Sam's Blog is a bi-weekly addition to the US Youth Soccer Blog. Sam Snow is the Coaching Director for US Youth Soccer.

 

Behavior Modification Through Exercise

Sam Snow

"My son is 9-years old and participates on our local soccer team. His coaches use "corrective conditioning" (push-ups, running, frog jumps) for bad behavior or poor performance. How do I convince the coaches that they can get optimal response/performance without using corporal punishment?"
  • Punitive coaching rarely works for the betterment of the player or the team, especially in youth sports. To use physical exercise as punishment with 9-year-olds is just wrong! The kids need exercise – yes, but in a healthy approach.
  • Even college and professional athletes are not given corporal punishment as the result is poor morale, not improved drive and determination by the players.
  • Exercise should be presented in a positive fashion with youngsters. Not only for the immediate effect on their soccer performance, but also their life-long health, we want exercise to be a positive experience. Using exercise as a punishment gives a negative connection to the experience.
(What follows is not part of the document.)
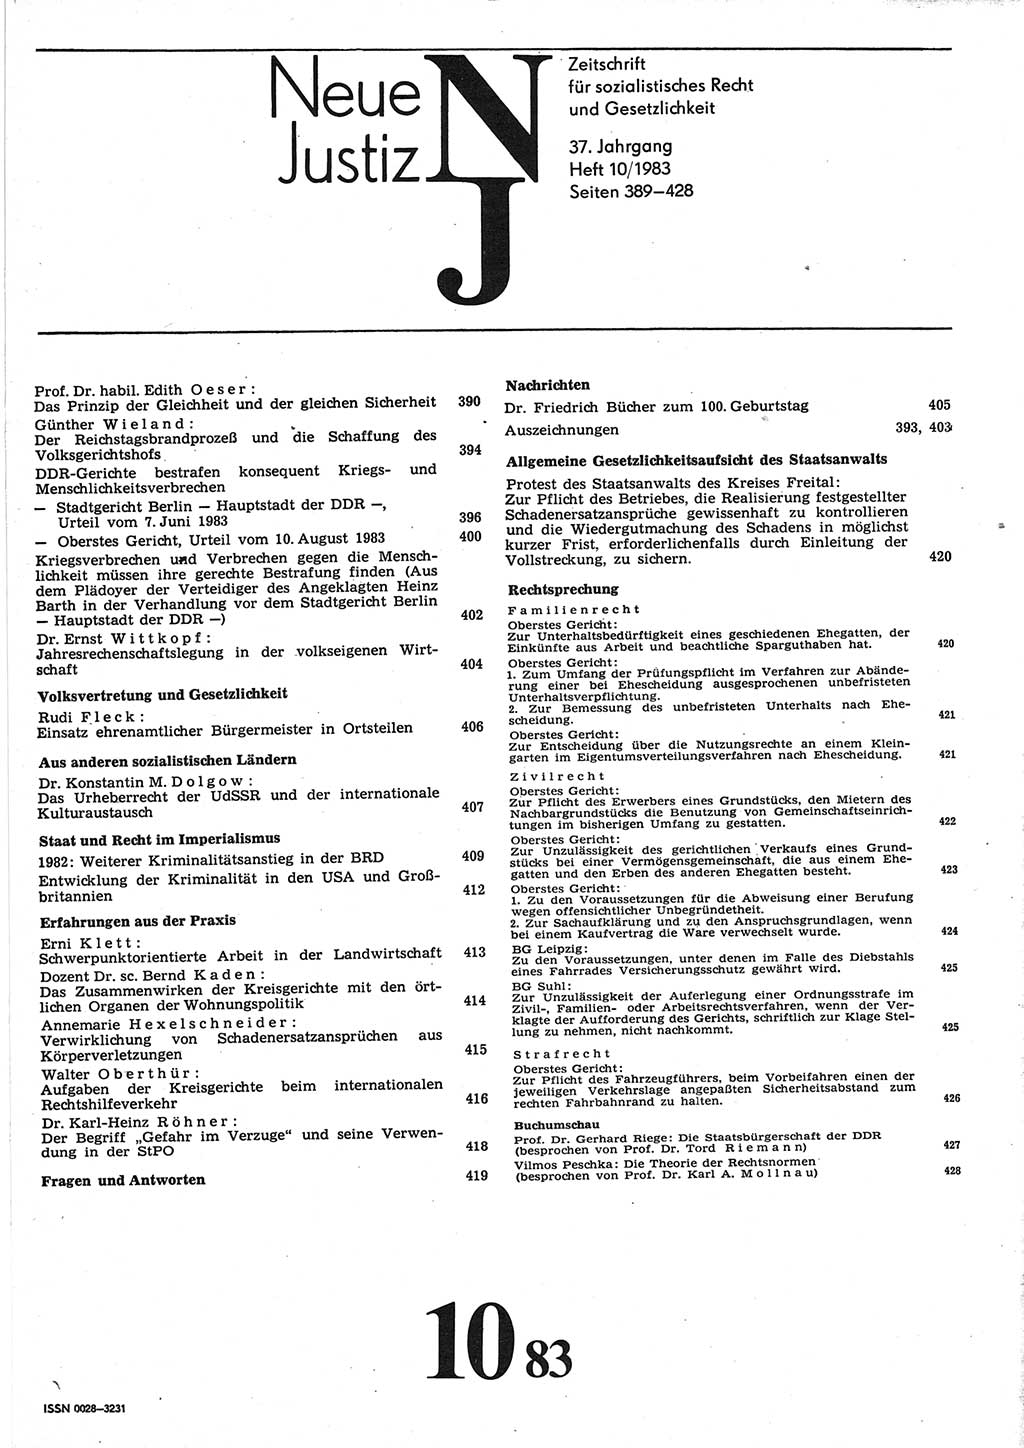 Neue Justiz (NJ), Zeitschrift für sozialistisches Recht und Gesetzlichkeit [Deutsche Demokratische Republik (DDR)], 37. Jahrgang 1983, Seite 389 (NJ DDR 1983, S. 389)
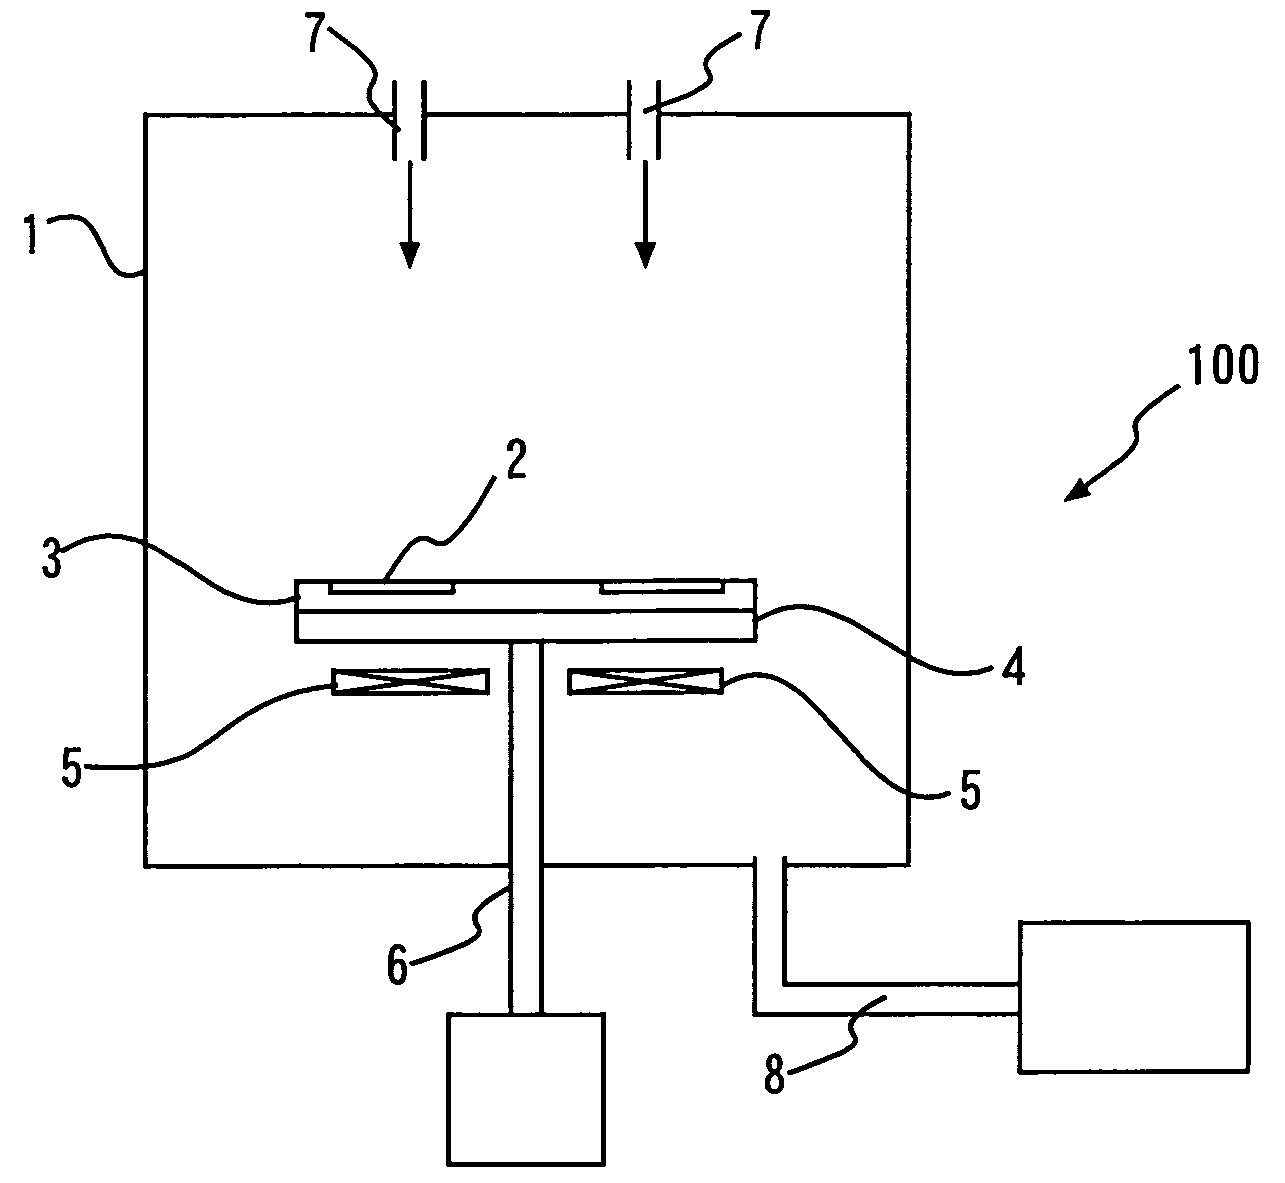 Vapor-phase epitaxial apparatus and vapor phase epitaxial method

Exercise is then likely to be avoided by the children as they age. So both for the short-term and the long-term the negatives outweigh the positives of "corrective conditioning".
  • Bad behavior during a training session is often the fault of the coach. Misbehavior by children can occur on the soccer field when they are bored. Boredom usually stems from the use of drills instead of game-like activities. So if a coach wants to avoid the kids being unfocused and perhaps misbehaving, then shun drills in a training session. While we’re at it lets also dismiss the 3 L’s – Lines, Laps and Lectures.
  • Poor performance by a 9-year-old in a match is to be expected. Let’s be realistic – they are only 9! Soccer, like all team sports, is a long-term developmental sport. Players in soccer peak in their match performance in their 20’s and early 30’s. The adults need to be patient with the game-day performance of children whose life span is still counted in single digits.
  • Fitness improvement must come from playing many game-like activities in a training session.
  • The bottom line is that sports are supposed to be fun for kids. They are not little adult professional players. Always ask them to try their best, but live with the outcome of the match. They’ll get over it and so must the grown-ups. Be sure they give it their all (that’s a life lesson as well as a soccer one) while letting the joy of the game infuse them.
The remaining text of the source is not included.